# A REAL DIRTY JOKE~ Nissan style, *with pic* :)



## nvthis (Mar 17, 2012)

Who says Nisson doesn't have a sense of humor? Not me!

A head gasket swap turned into an almost entire engine tear down just because of this little do-hicky.. Why, oh why, couldn't they just stick a little lip or something on this thing to keep it from popping out??

Well, it won't let me put a pic on here for some reason, but it's in my album...

http://www.nissanforums.com/members...chain-picture86-2012-0325mar-25-20120001.html

Sure, now that I'm there I can laugh about it a little, but yesterday? lol... Ah jeeze.


----------



## nvthis (Mar 17, 2012)

Ok, I do have a question to ask, if anyone wants to help...

When I got this thing apart everything lined up TDC except for the chain.. I was told not to sweat it as it takes something like 74.5 revolutions to match the exact position they have in the book (this being for an '85 z24). These pics show where my silver links are..

Nissan Forums: Nissan Forum - nvthis's Album: Timing chain - Picture

Nissan Forums: Nissan Forum - nvthis's Album: Timing chain - Picture

The crank lined up and the distributor lined up and this was the only position I could get the cam to line up.. Should I be concerned??? I figured at worst something wouldn't match up when the new head was put on (as it arrives TDC) but it came back in the exact same position as it left.. 
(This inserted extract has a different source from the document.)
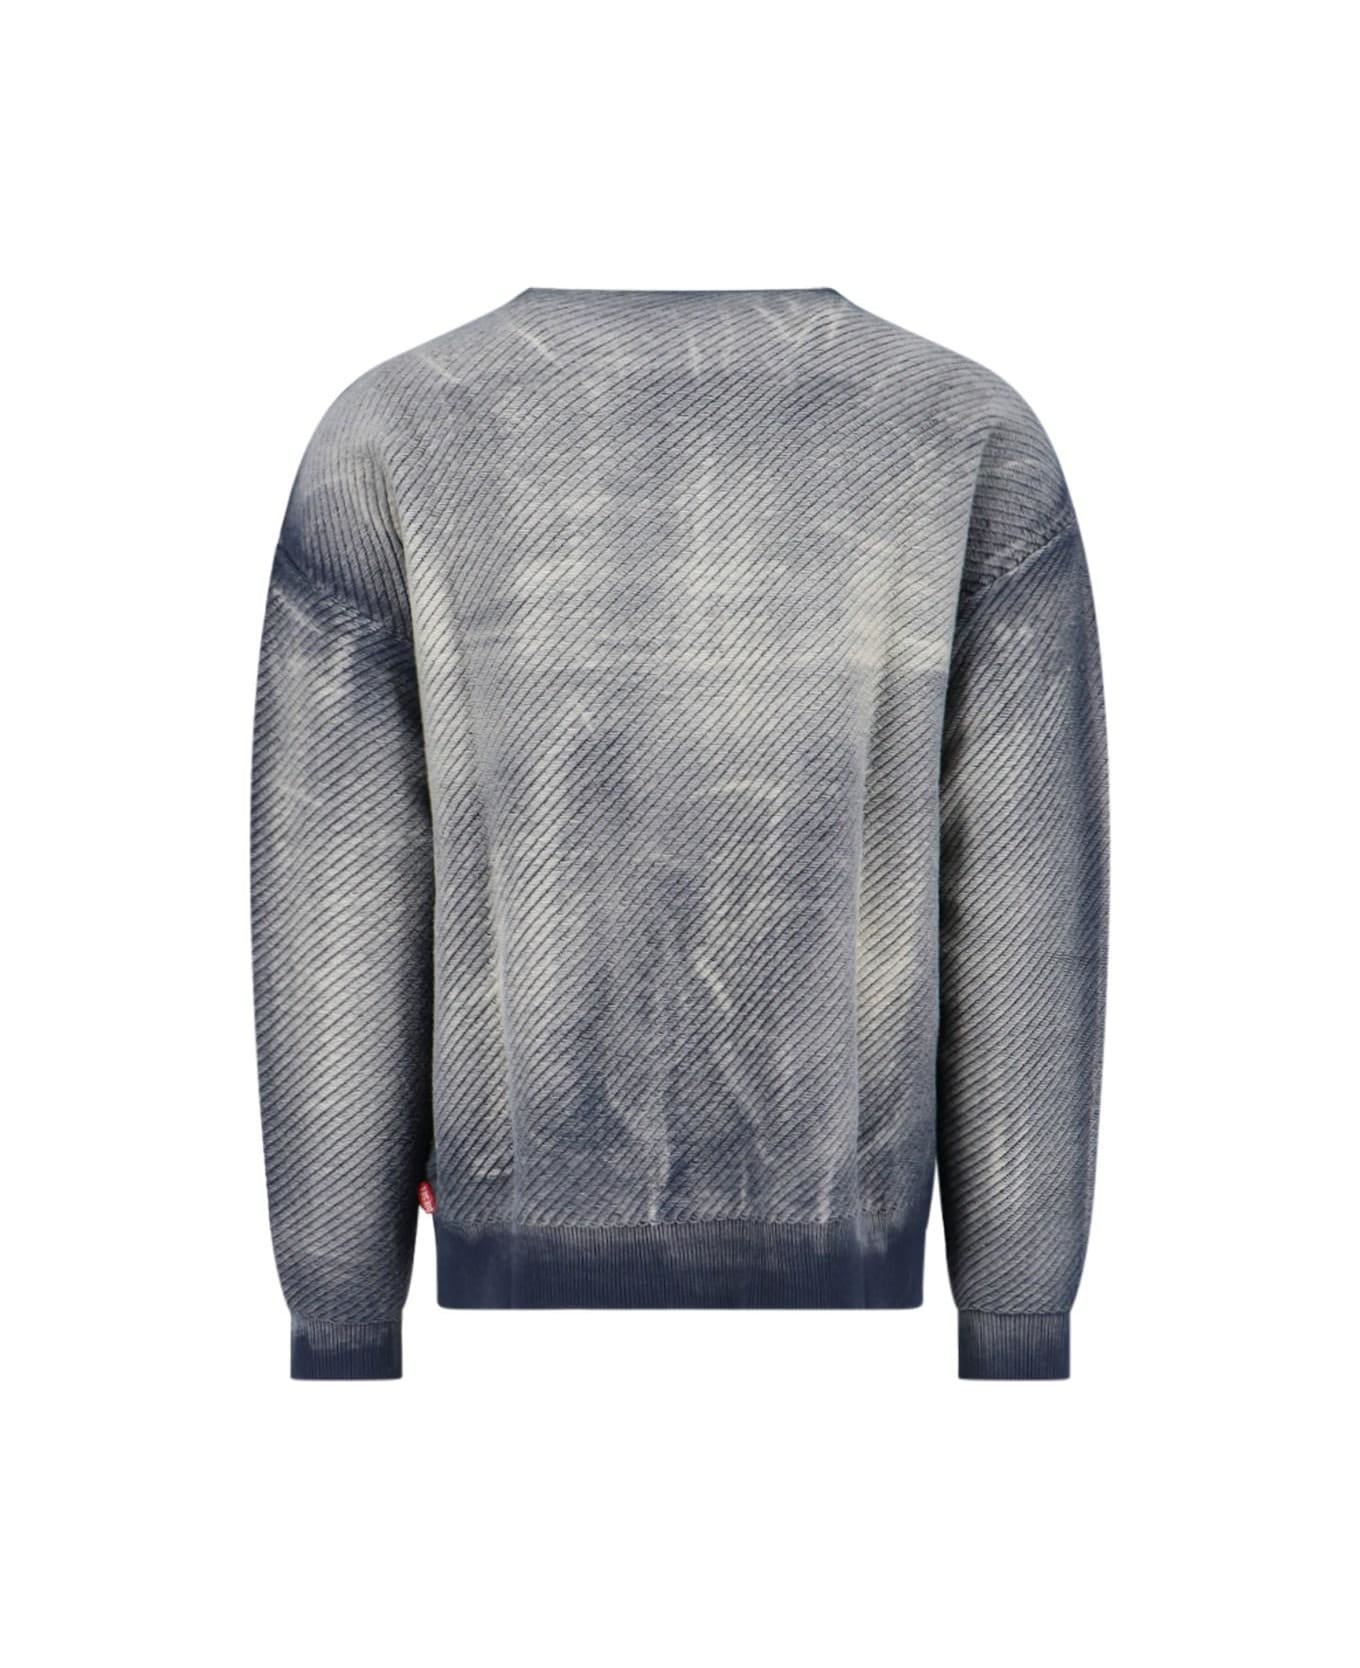 Diesel Frayed Sweater

I suppose at the end of the day I don't know who all has been in this engine and what they may have done, so I thinki I am ok. I mean, it was running before, right? Thoughts?

Feel free to beat me down if need be.. I am not hugely experienced this far into the engine


----------



## SPEEDO (Jun 9, 2003)

they usually slip a wedge in there to keep the tensioner compressed


----------



## Grug (Aug 20, 2009)

Hey there. Welcome to the forum.

Well, as you've got the timing cover off, you may as well change the guides, sprockets and tensioner. The timing chain is the Achilles Heel of this truck. Who knows when you'll be into the belly of the beast again.

Have you read the sticky regarding timing chain overhaul on this site?

Here's another that might help.

How to replace the timing chain in a nissan truck

Good luck, man!


----------